(Provided records)
^^^^^^^^^^^^^^^^
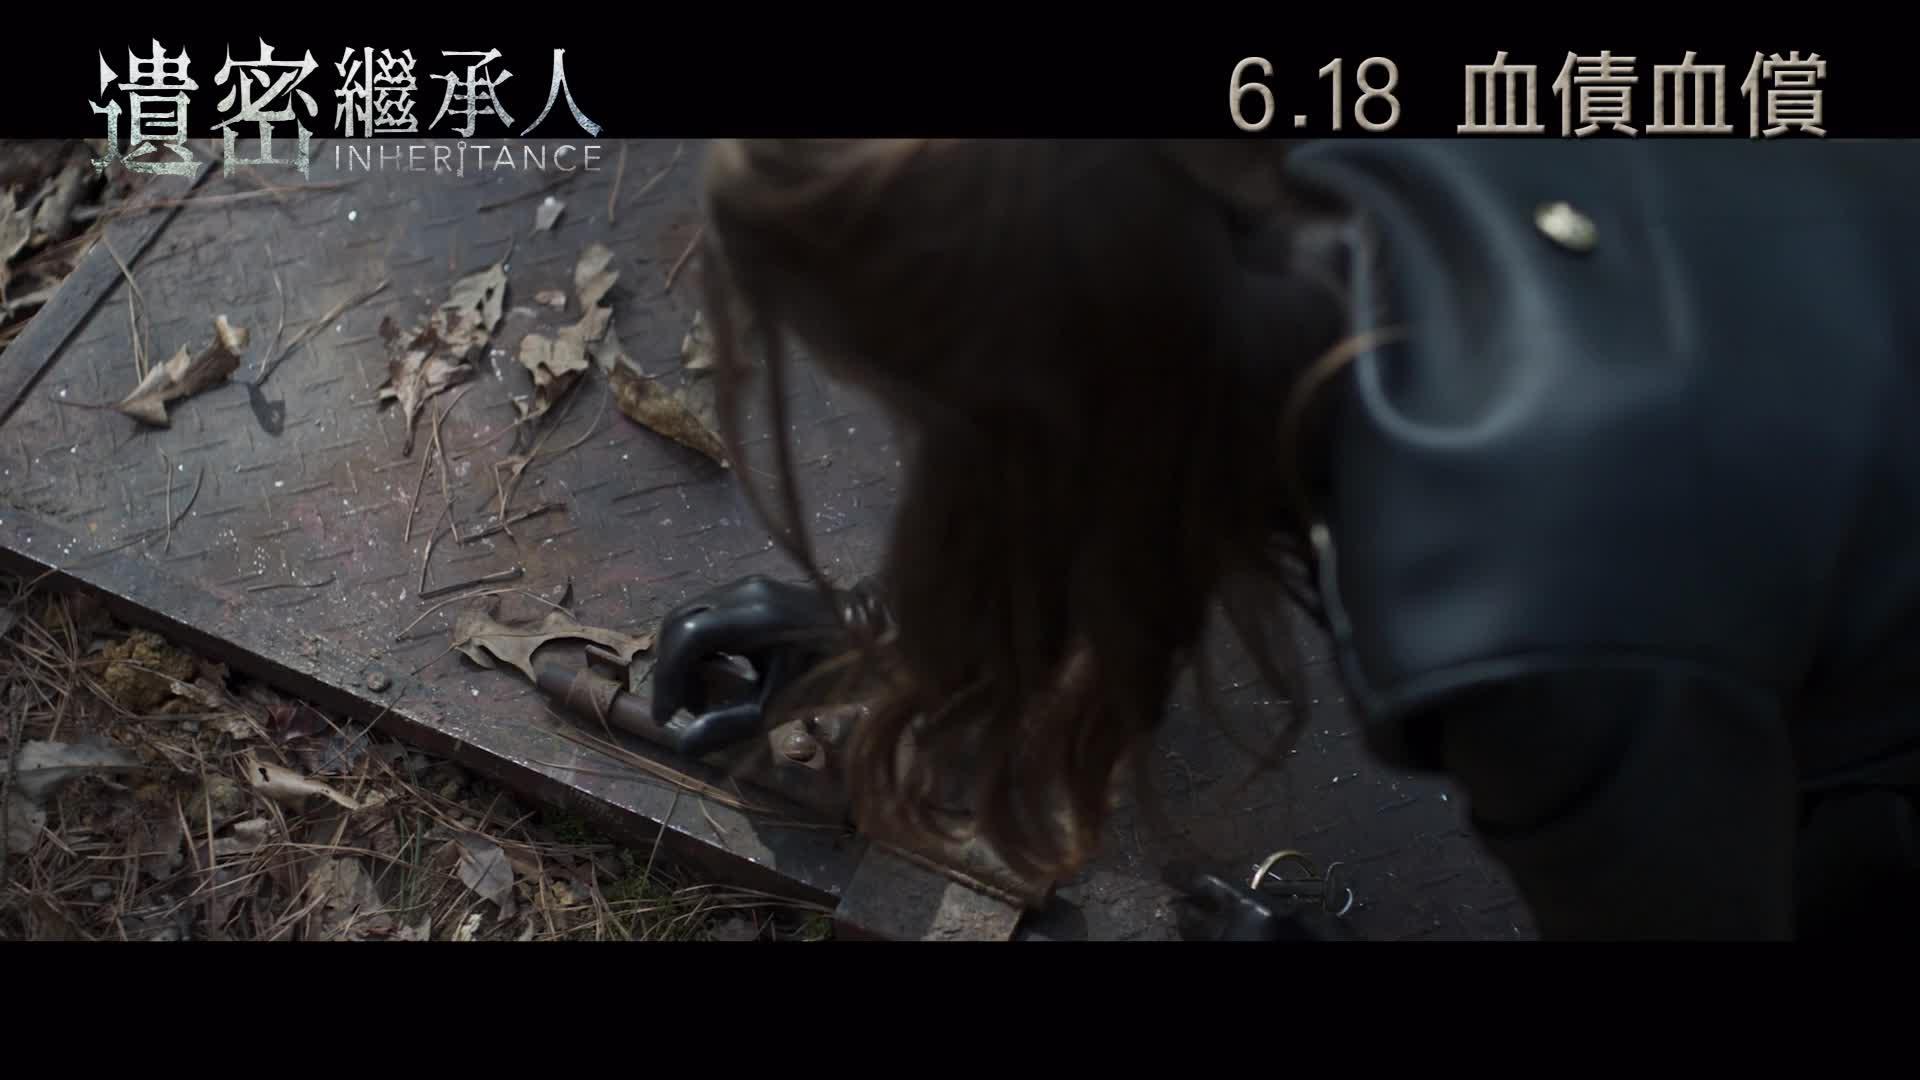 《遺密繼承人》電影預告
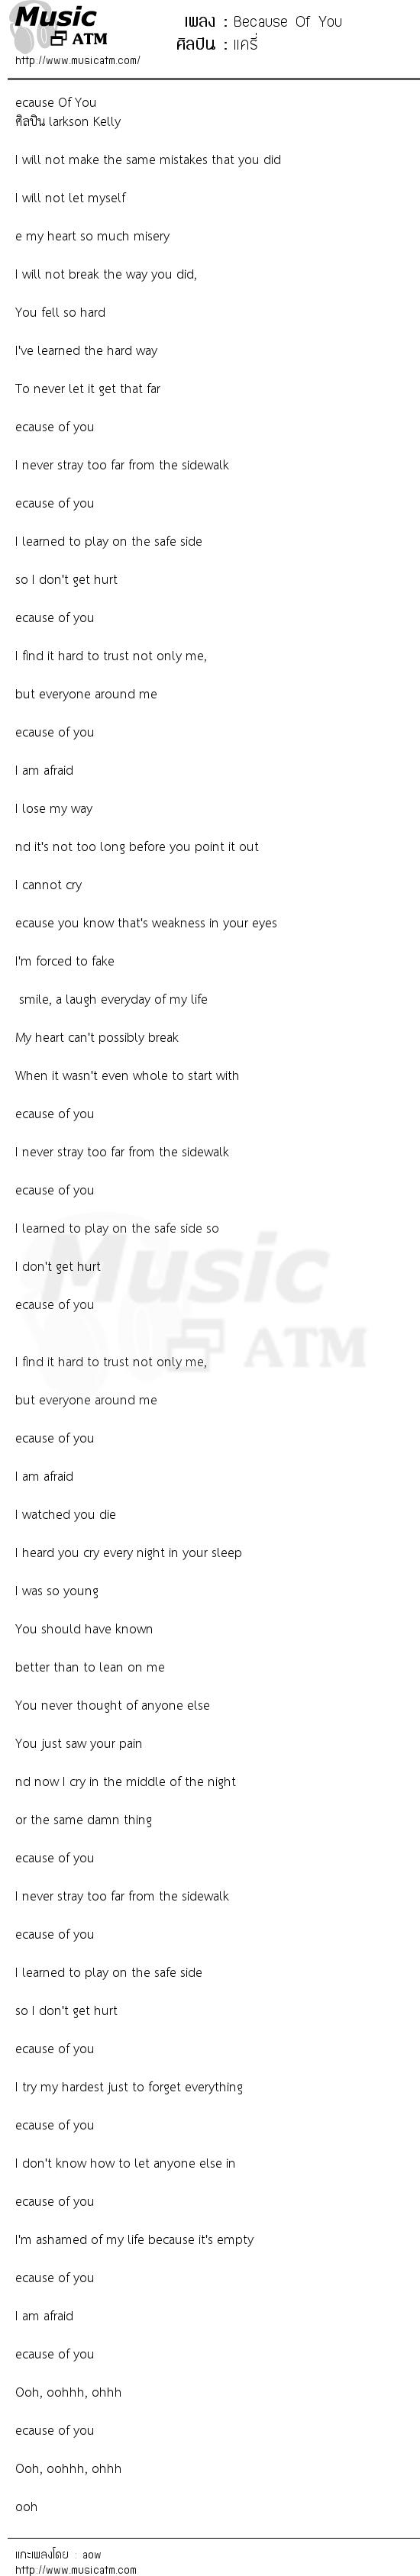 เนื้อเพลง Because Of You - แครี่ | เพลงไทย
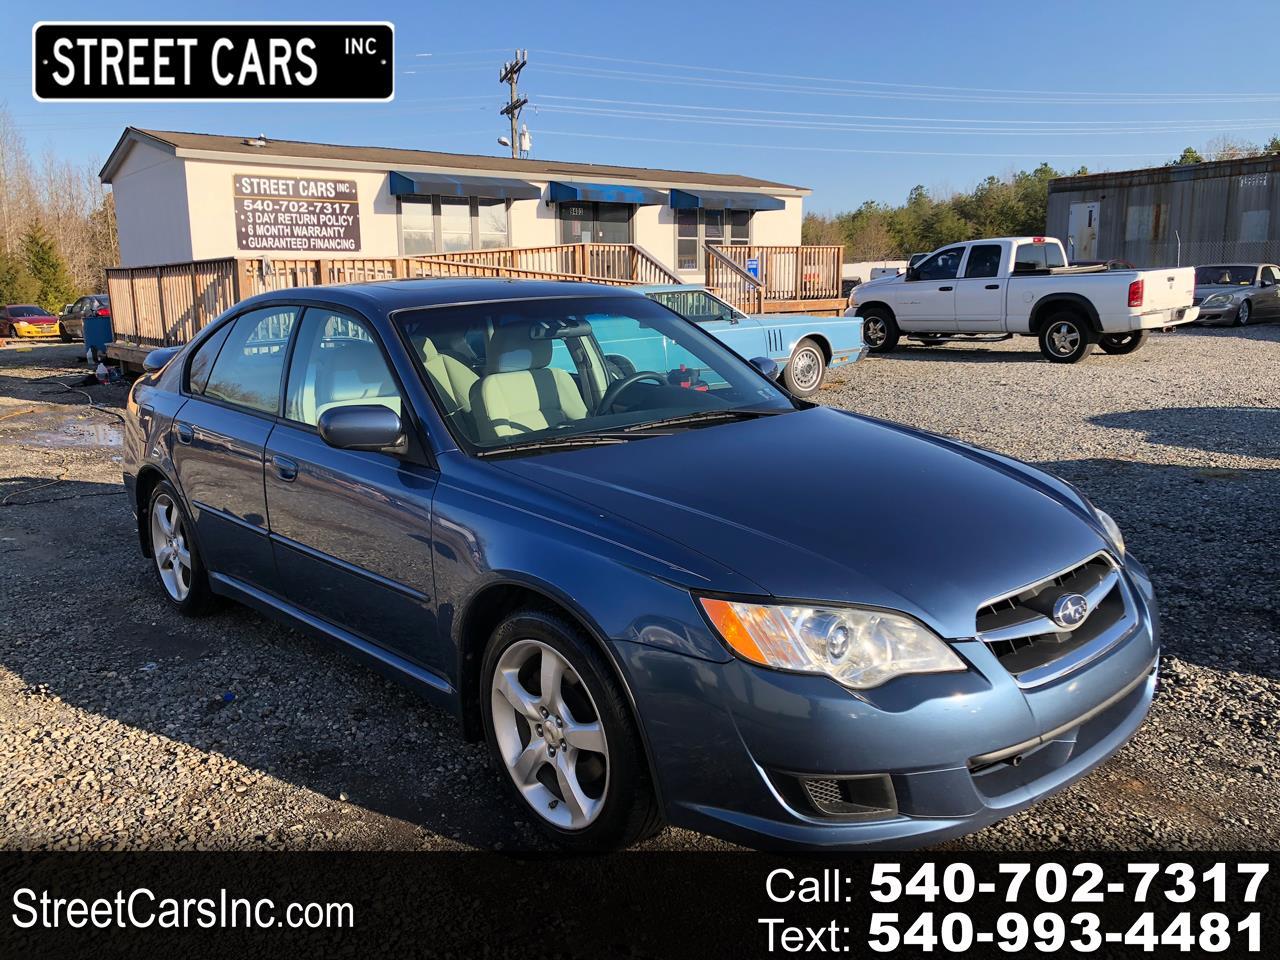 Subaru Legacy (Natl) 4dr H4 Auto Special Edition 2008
^^^^^^^^^^^^^^^^
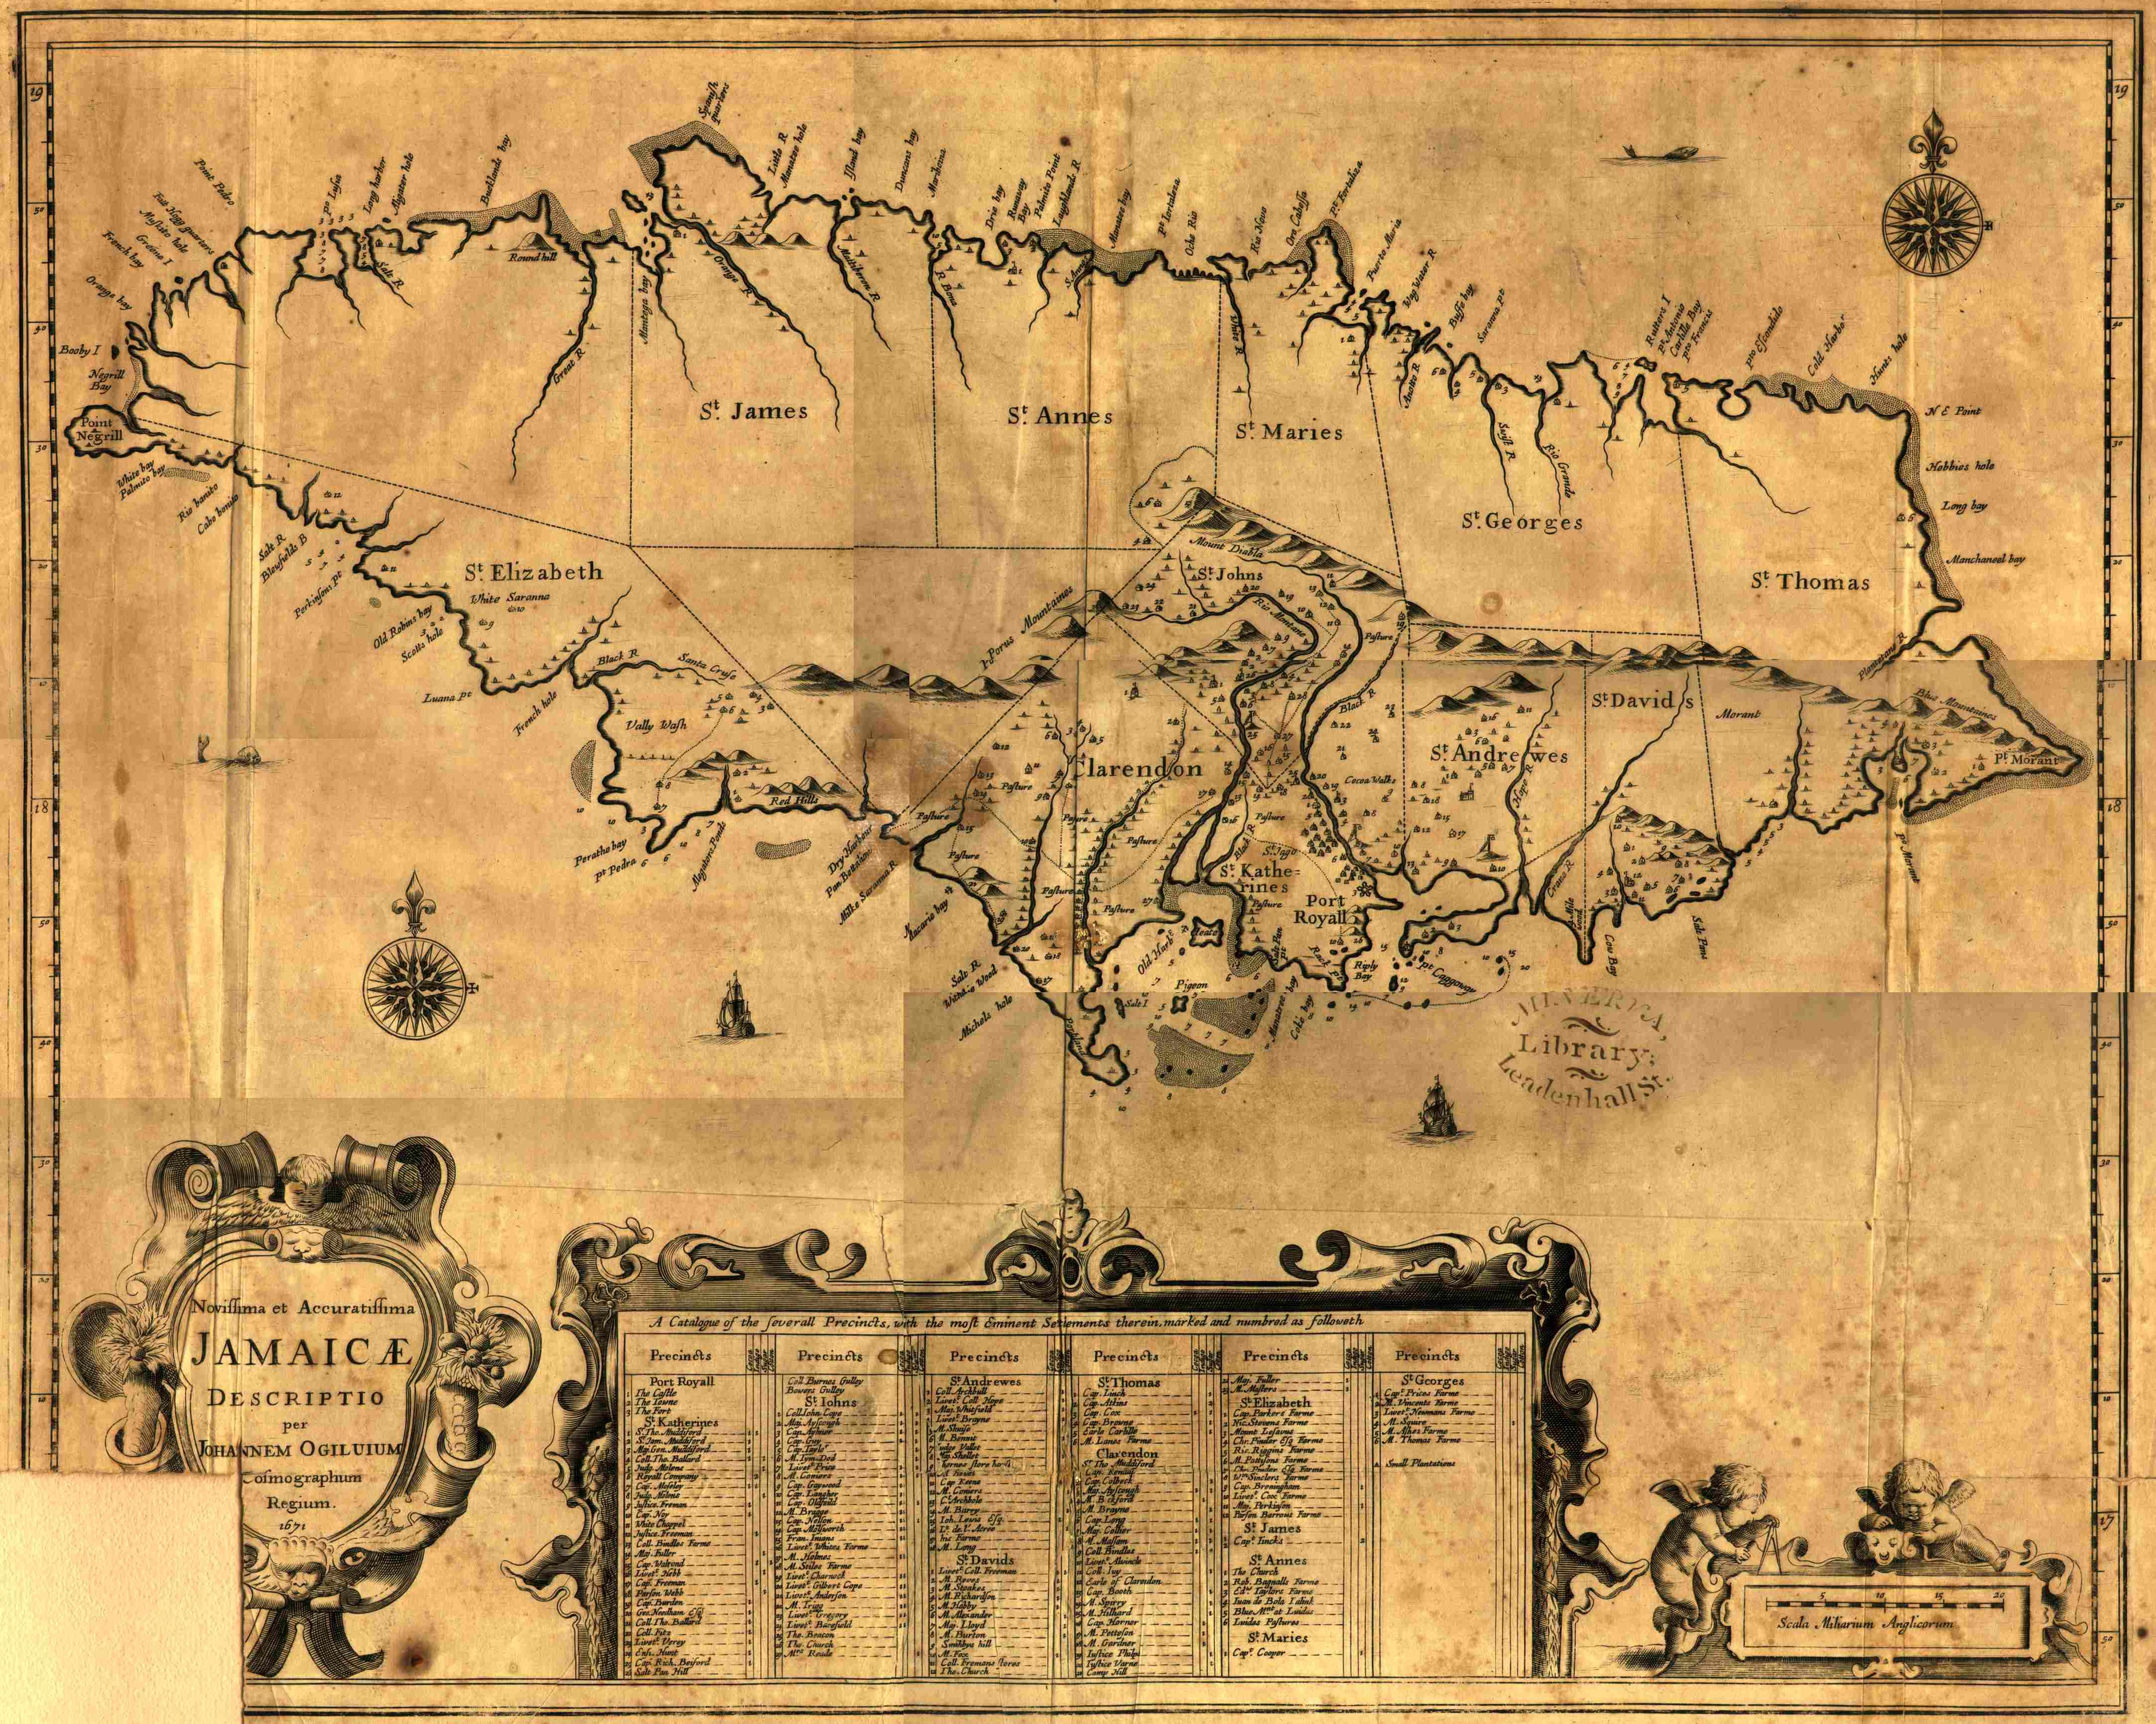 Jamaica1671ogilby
^^^^^^^^^^^^^^^^
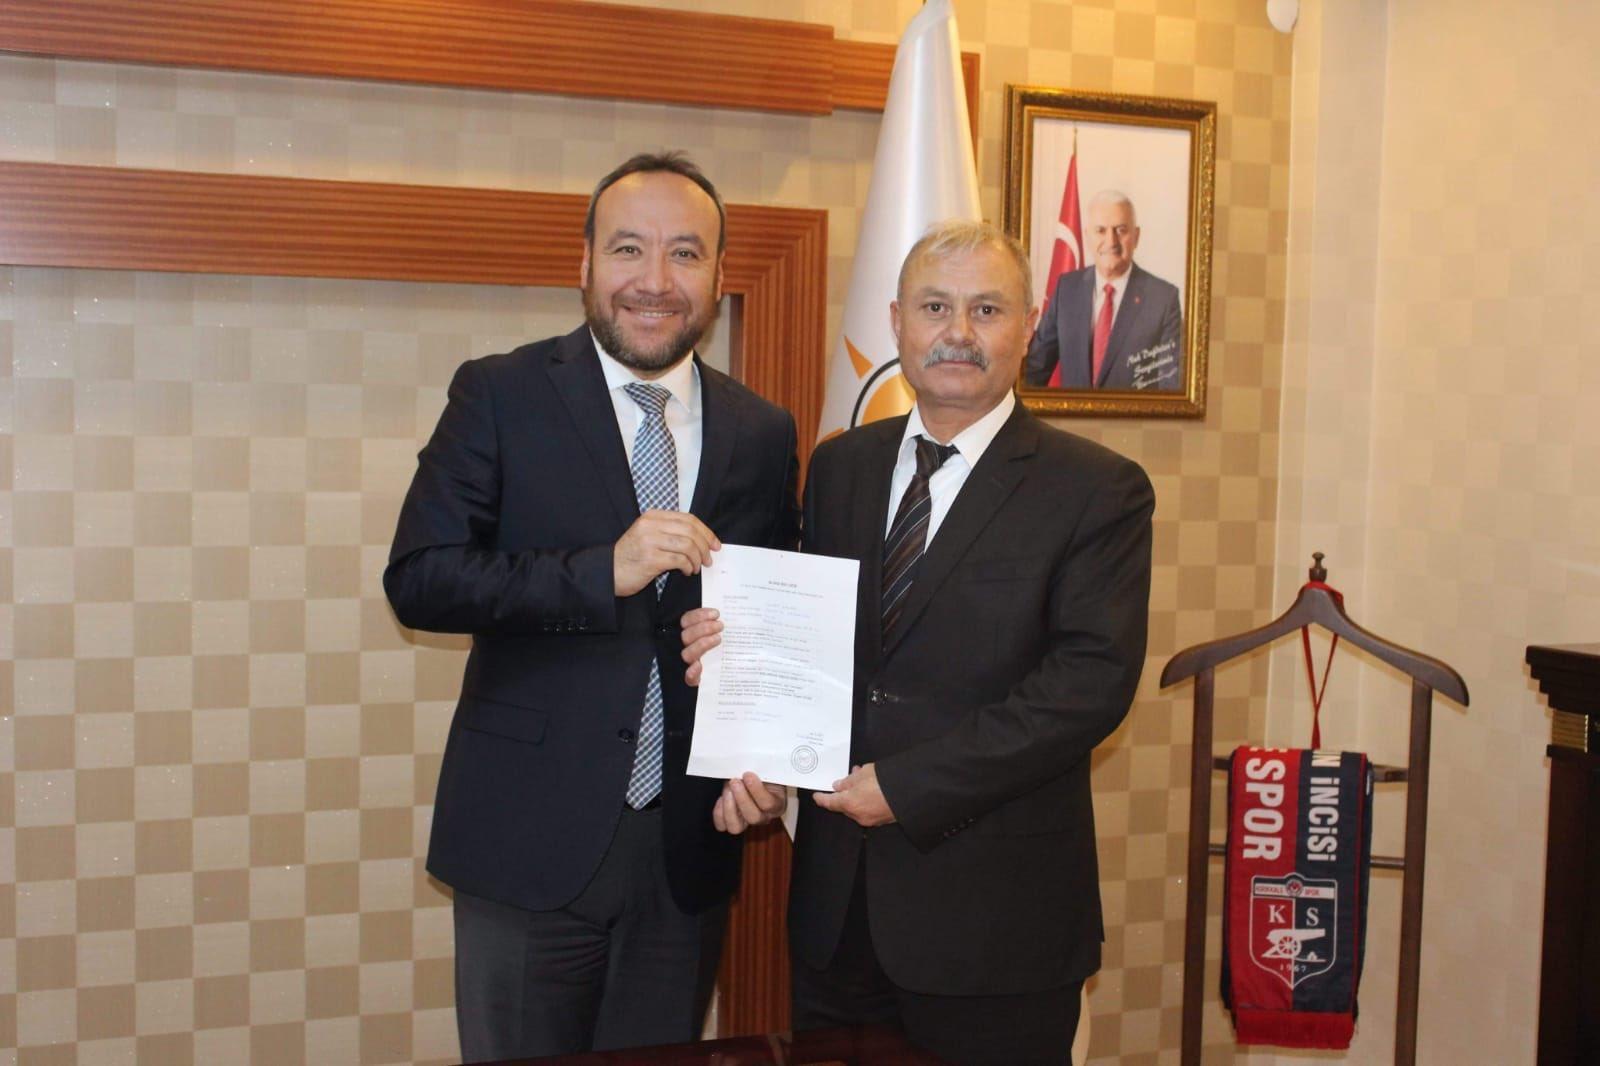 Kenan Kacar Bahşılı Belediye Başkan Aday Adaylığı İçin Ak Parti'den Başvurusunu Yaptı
^^^^^^^^^^^^^^^^
Your answer should be the exact lines above from the one containing "เนื้อเพลง Because Of You - แครี่ | เพลงไทย" through the one containing "Subaru Legacy (Natl)", with both end lines kept and the pictures removed, please.

(Expected answer)
 เนื้อเพลง Because Of You - แครี่ | เพลงไทย
 Subaru Legacy (Natl) 4dr H4 Auto Special Edition 2008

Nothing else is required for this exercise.